The groups did not differ in the secondary outcomes ([Table 2]). In both groups, the IOL had to be continued with prostaglandins in 93.5% of cases. The different types for sequential IOL after removing the DBC – dinoprostone vaginally (P12: 25%, P6: 21.2%) and misoprostol orally (P12: 67.6%, P6: 66.2%) – were used equally in both groups.
The rates of secondary caesarean section (P6: 27.5%, P12: 26.6%, p = 0.57) and blood loss at birth of 400–500 ml were equally distributed in the two cohorts. In the entire study population, there was only one case of uterine rupture in the P6 group. This was an attempted vaginal birth after caesarean section with DBC and dinoprostone vaginal insert. This approach was initiated in response to obstructed labour during the previous delivery. Subsequently, a pathological CTG reading indicated the repeat caesarean section. Intraoperatively, a rupture of the posterior uterine wall, independent of the previous caesarean scar, was encountered and sewn over without complications.
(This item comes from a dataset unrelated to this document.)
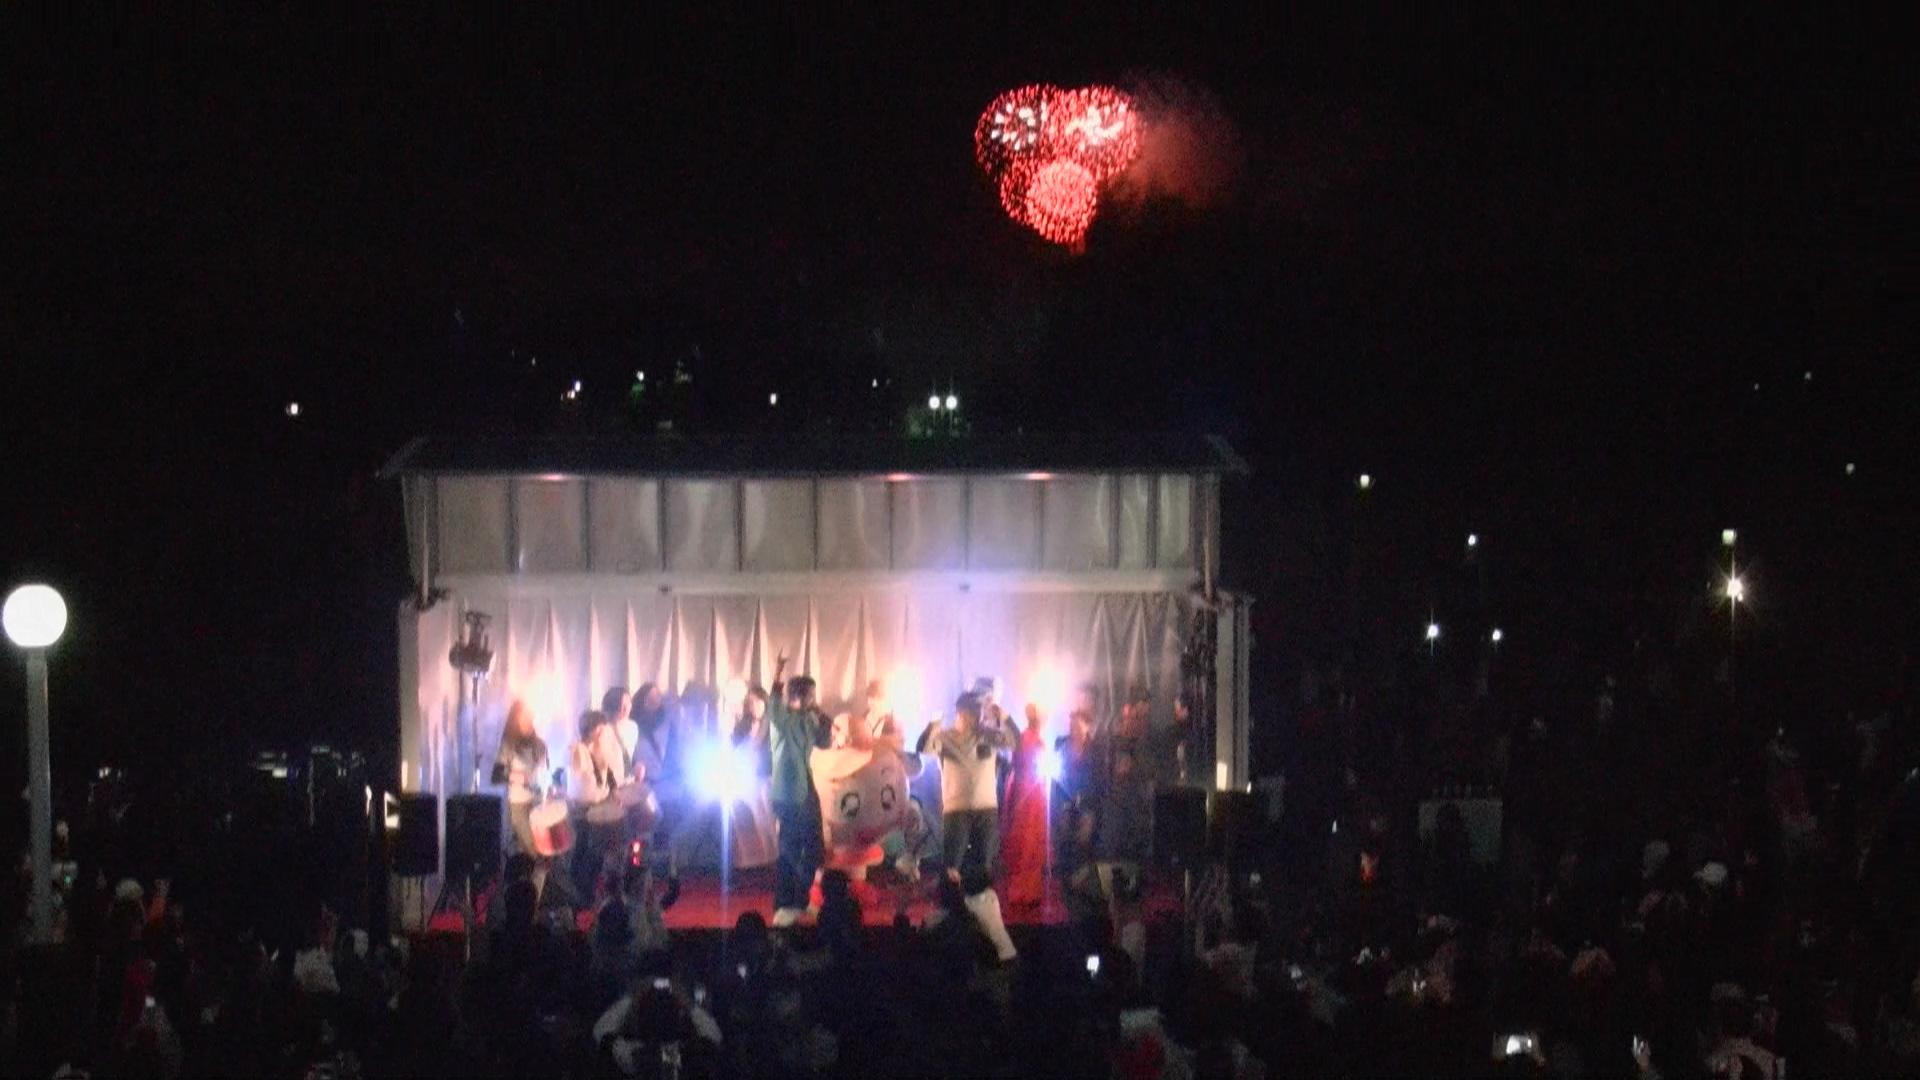 amuzen葛西臨海公園「ダイヤと花の大観覧車」カウントダウン2018
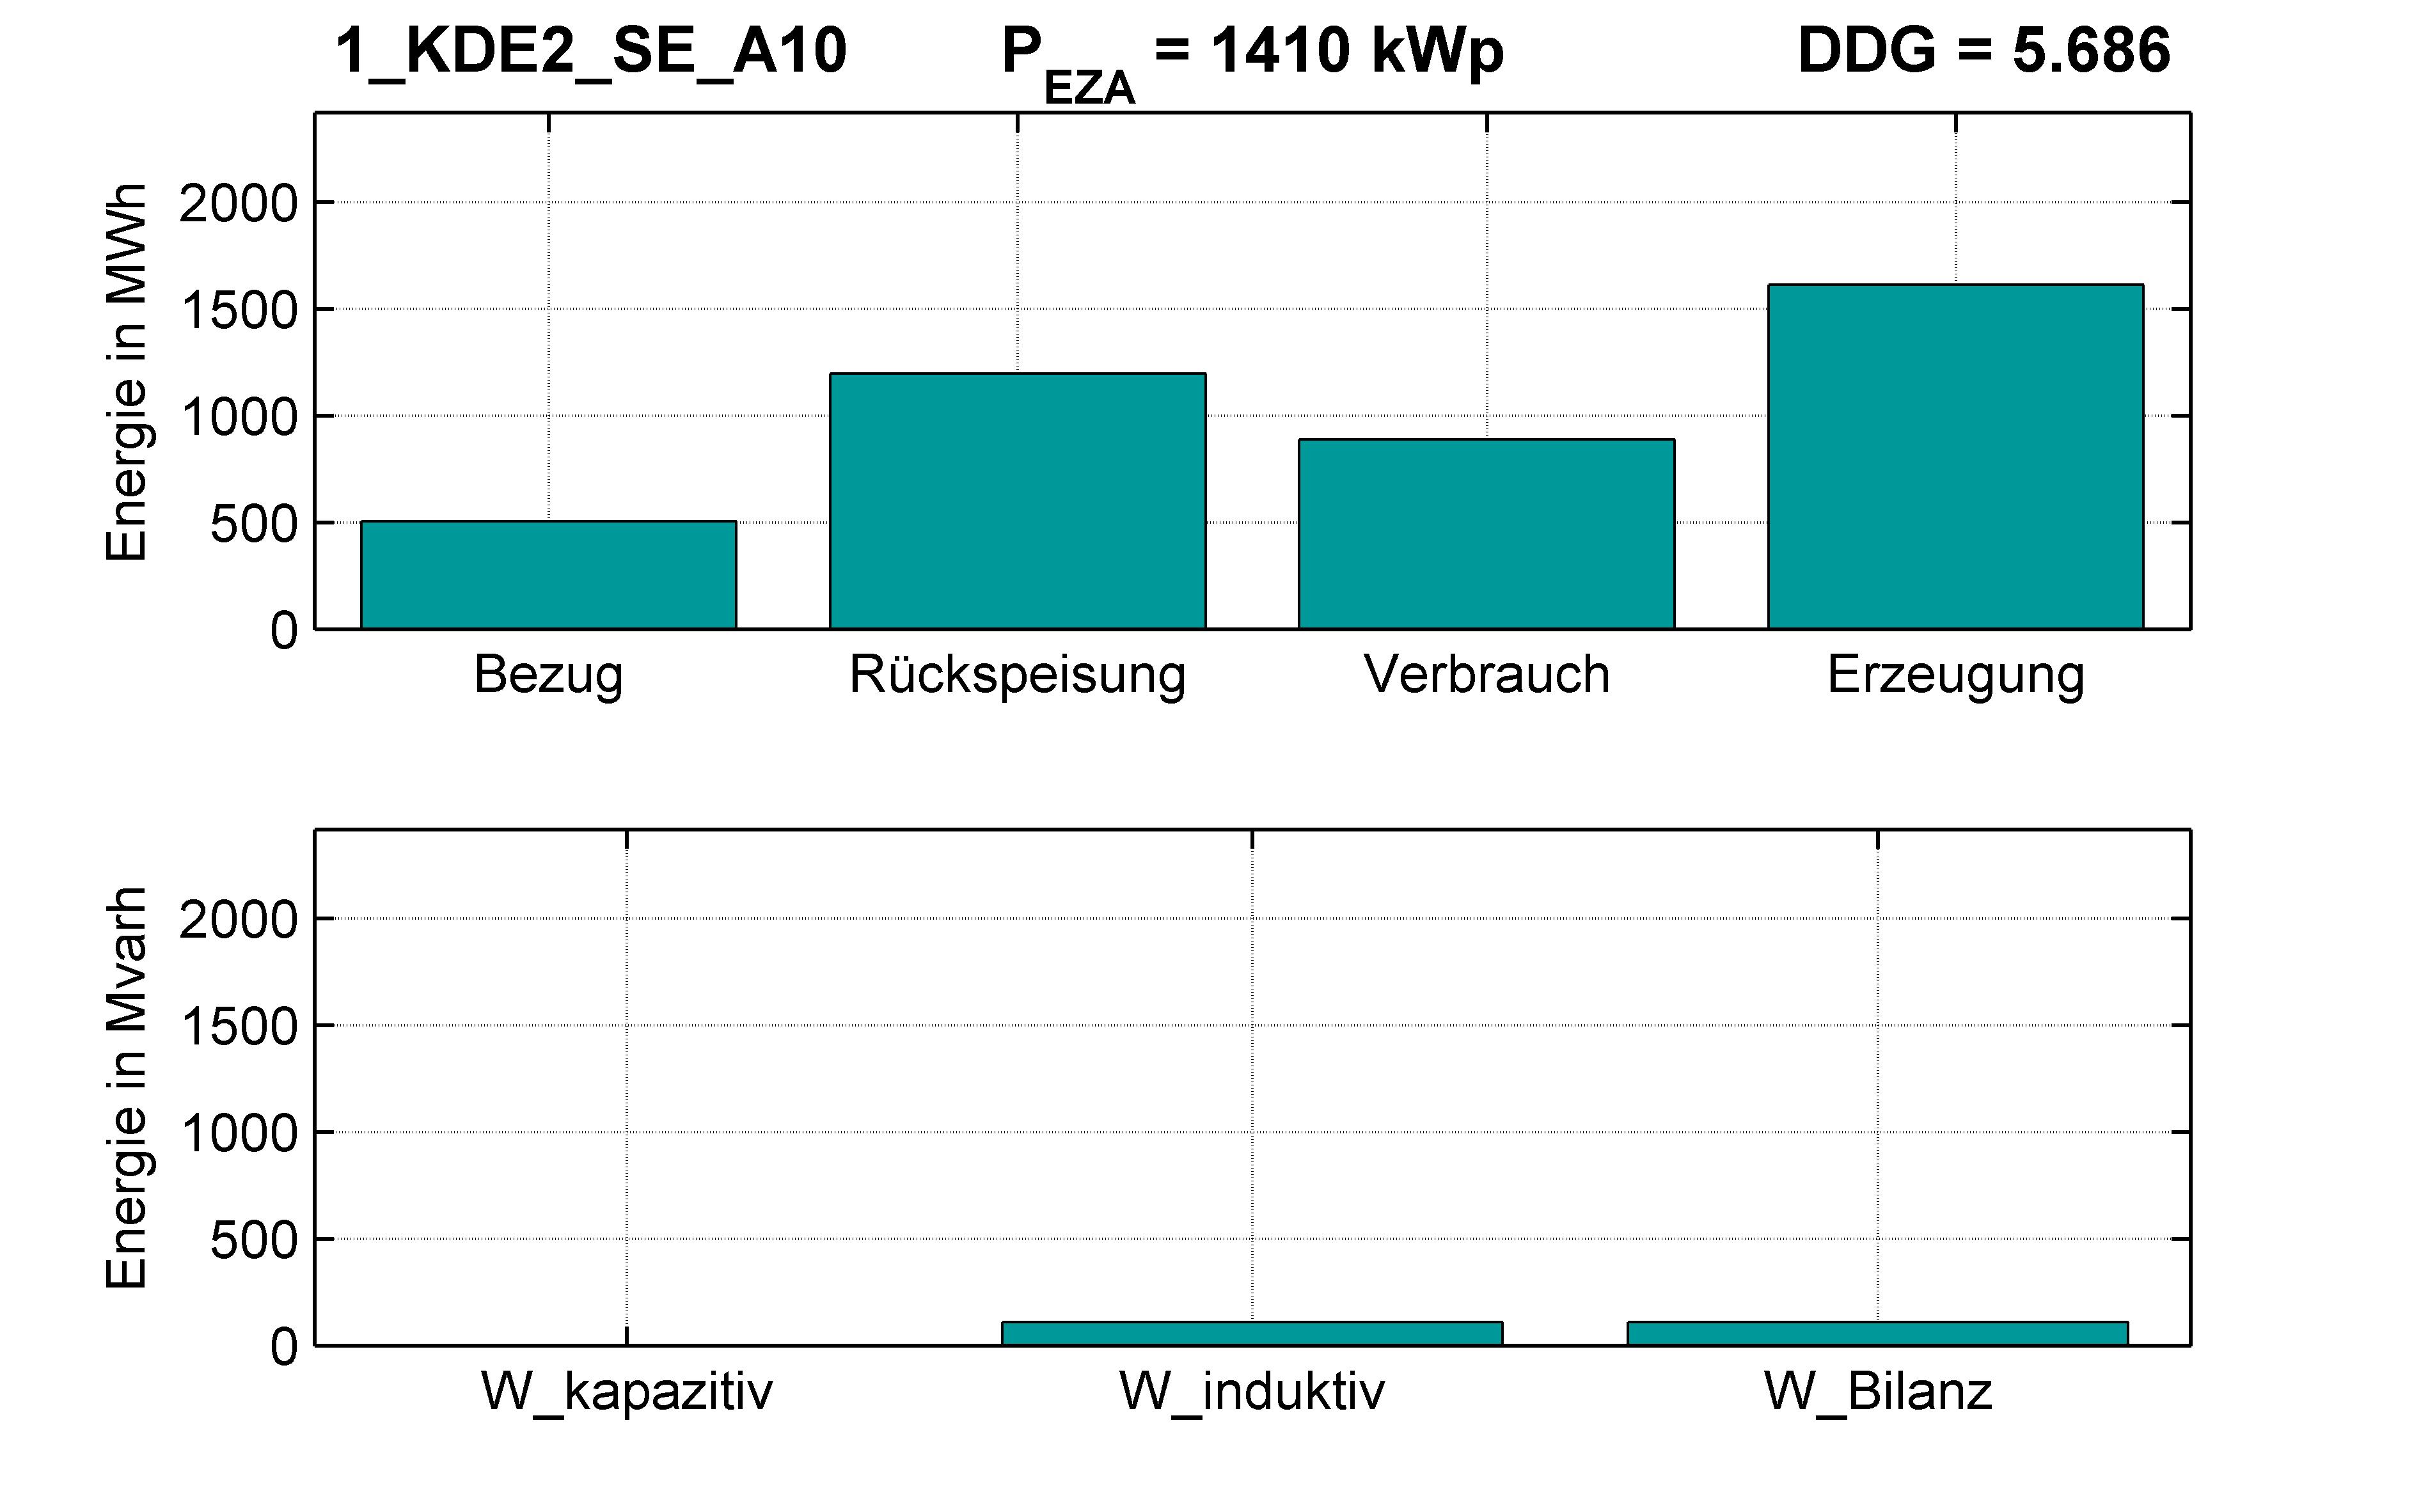 KDE2 | KABEL (SE) A10 | PQ-Bilanz

The neonate was well (pH NA 7.22; APGAR 1’/7; 5’/8; 10’/9).
There were no significant differences in neonatal outcome as regards the frequency of pathological CTG sub partu (P12 and P6: 33% both), neonatal acidosis with umbilical arterial pH < 7.1 (P6: 6%, P12: 10%), amniotic fluid containing meconium (P6: 0%, P12: 1.8%) and APGAR 5’ < 7 (P12 and P6: 3.6% both).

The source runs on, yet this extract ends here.